Reinforcing Iron Workers v. Michigan Bell Telephone Co.,
746 F.Supp. 668, 670-71 (E.D.Mich.1990). The court there stated: “Because the court finds the gender rule utilized by defendants is discriminatory on the basis of employee sex ..., and further finds the birthday rule a reasonable and preferable alternative thereto, the court incorporates the birthday rule, in effect in the majority of states, to fill the gap left here by ERISA.”
Id.
Where there are two plausible possibilities — one classifying on the basis of gender and the other classifying on the basis of a neutral factor — it is preferable to select the gender-neutral rule. This is particularly the case when another federal court has already done so; following suit promotes national uniformity. We therefore adopt the birthday rule as the coordination of benefits rule under ERISA: When the same claim is covered by two employee benefit plans, at least one of which is self-funded,
the plan of the employee whose birthday occurs earlier in the year is primarily responsible.

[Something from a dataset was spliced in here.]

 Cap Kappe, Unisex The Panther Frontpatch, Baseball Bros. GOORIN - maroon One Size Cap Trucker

D. Applying the birthday rule here is simple. Maria Campos was born on September 1; Jose Campos was born on October 17. Her birthday comes earlier in the calendar year and she is covered by the Western plan. The Western plan therefore bears primary responsibility for Elizabeth Campos’ medical expenses.
II
This is not a case where either of the employee benefit plans covered themselves with glory. While a legitimate dispute existed as to which one of them would have to pay up on this claim, there was little justification for holding Loma Linda and the insureds hostage to the resolution of a controversy that concerned them not at all. Because of its unwilling participation in this squabble between two insurance plans, Loma Linda has been required to carry over $340,000 on its books for several years, a substantial burden wholly unjustified by any legitimate interest of PM or Western. While the Camposes apparently suffered no financial harm, they are nevertheless primarily liable for the medical expense incurred by their daughter. The possibility of a collection action by Loma Linda while the plans squabbled may not have been entirely comforting to the Camposes, and might well have adversely affected their creditworthiness.

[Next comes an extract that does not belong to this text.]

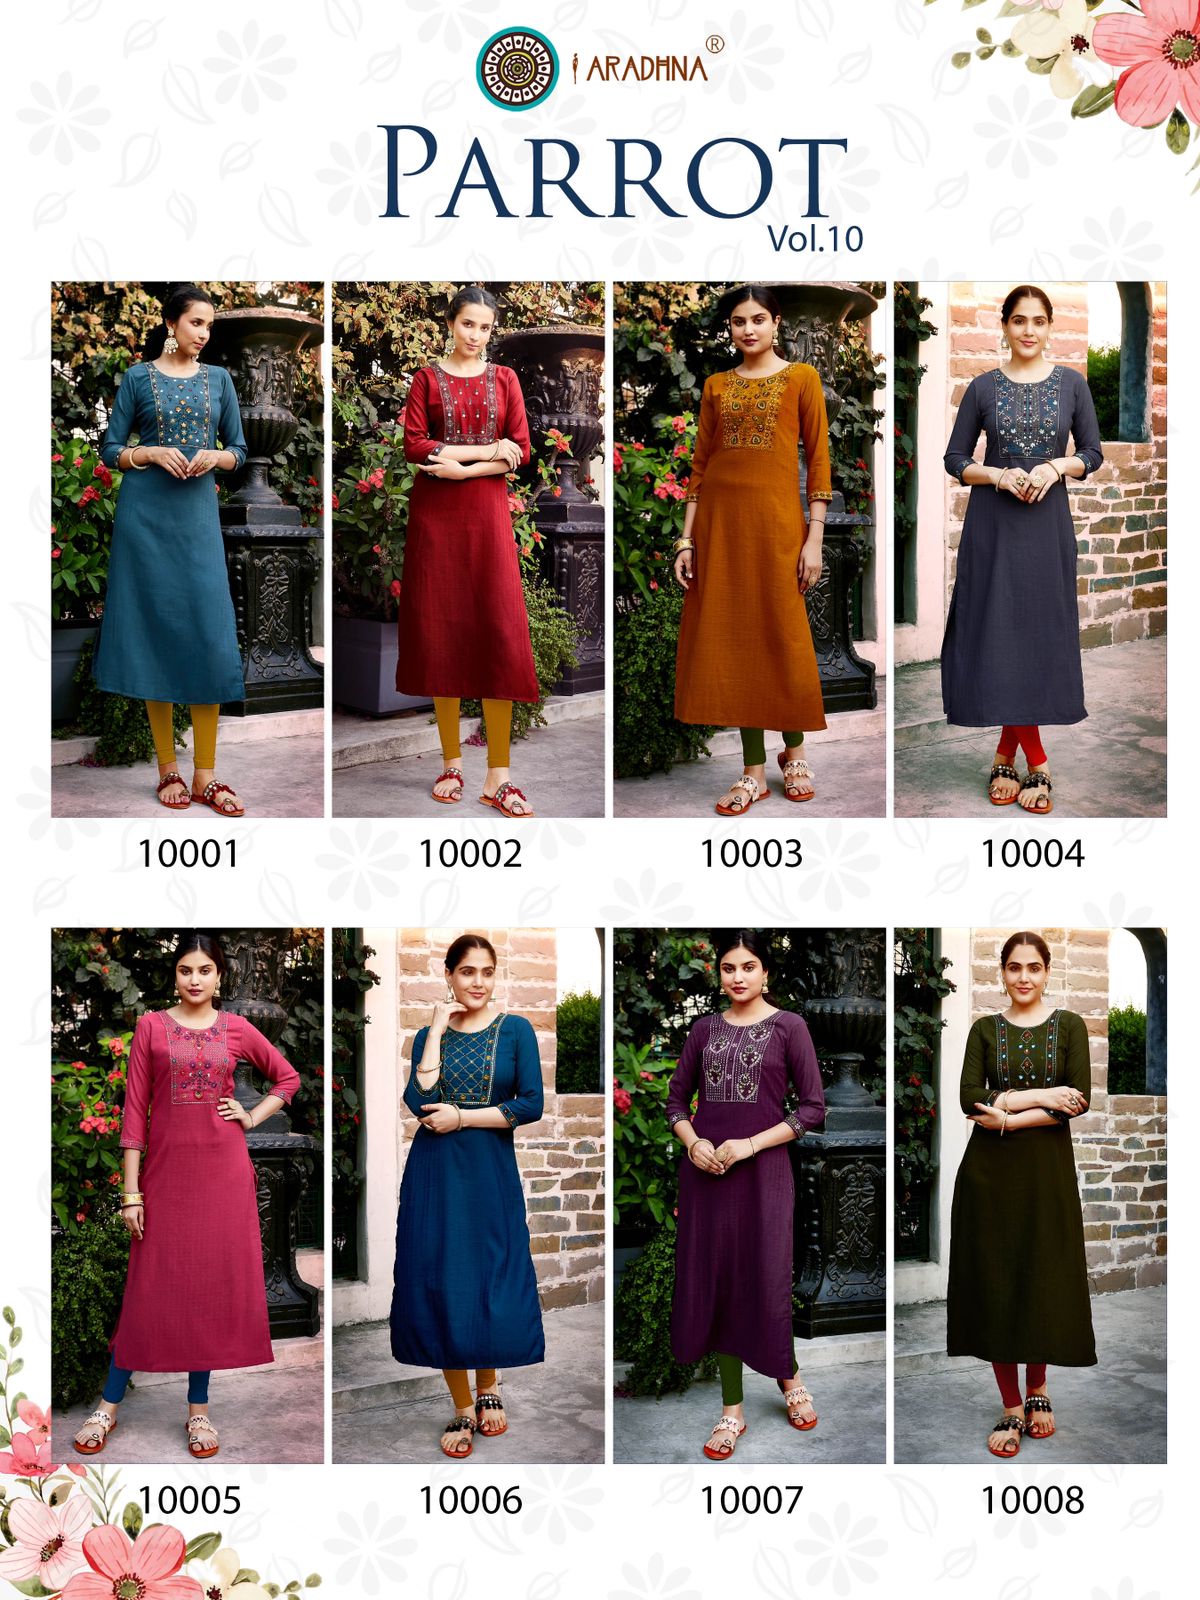 Aradhna Parrot 10 collection 1

The plans’ behavior is especially unjustified because each one’s coordination of benefits provision pointed to itself as the party primarily responsible: Under the PM plan’s gender rule, PM was to be primarily liable; under the Western plan’s birthday rule, Western was. Thus, not only did each plan cover Elizabeth’s medical expenses, but each also had primary responsibility according to the terms of its own policy.

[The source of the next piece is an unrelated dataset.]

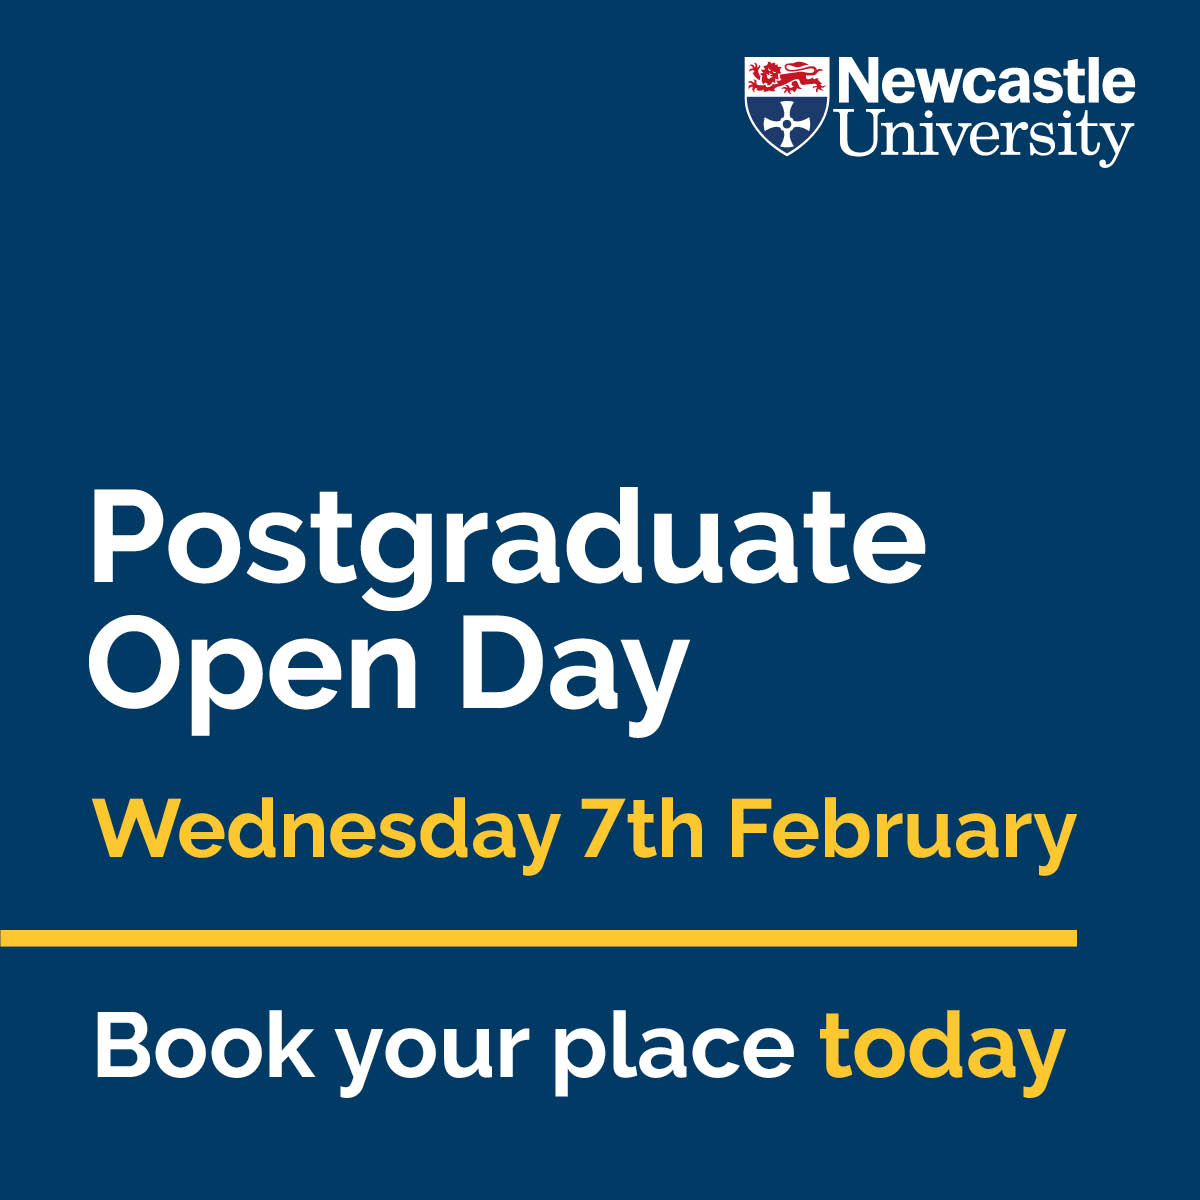 There's still time to book your place at our Postgraduate Open Day happening tomorrow! We'll have staff and students ready to answer all your postgraduate questions. Come down and say hi. Book your place here: ncl.ac.uk/study/meet/pos…

The two plans should have taken whatever measures reasonably necessary to avoid imposing burdens and inconveniences on parties that had no stake at all in this dispute. Surely, the plans could have devised a means of paying off the debt they collectively owed, and then settled the accounts between themselves once the controversy was resolved.
As a sanction for
their collective intransigence, we remand to the district court for the calculation of damages suffered by Loma Linda as a result of the delay in receiving payment, consisting of interest on the amount due it, together with attorneys’ fees, costs and all other expenses reasonably incurred in protecting its interests.
See
29 U.S.C. § 1132(g); Fed.R.App.P. 38. The plans shall be jointly and severally liable for these amounts and shall otherwise bear their own attorneys’ fees and costs in this litigation.
AFFIRMED AND REMANDED FOR FURTHER PROCEEDINGS CONSISTENT WITH THIS OPINION.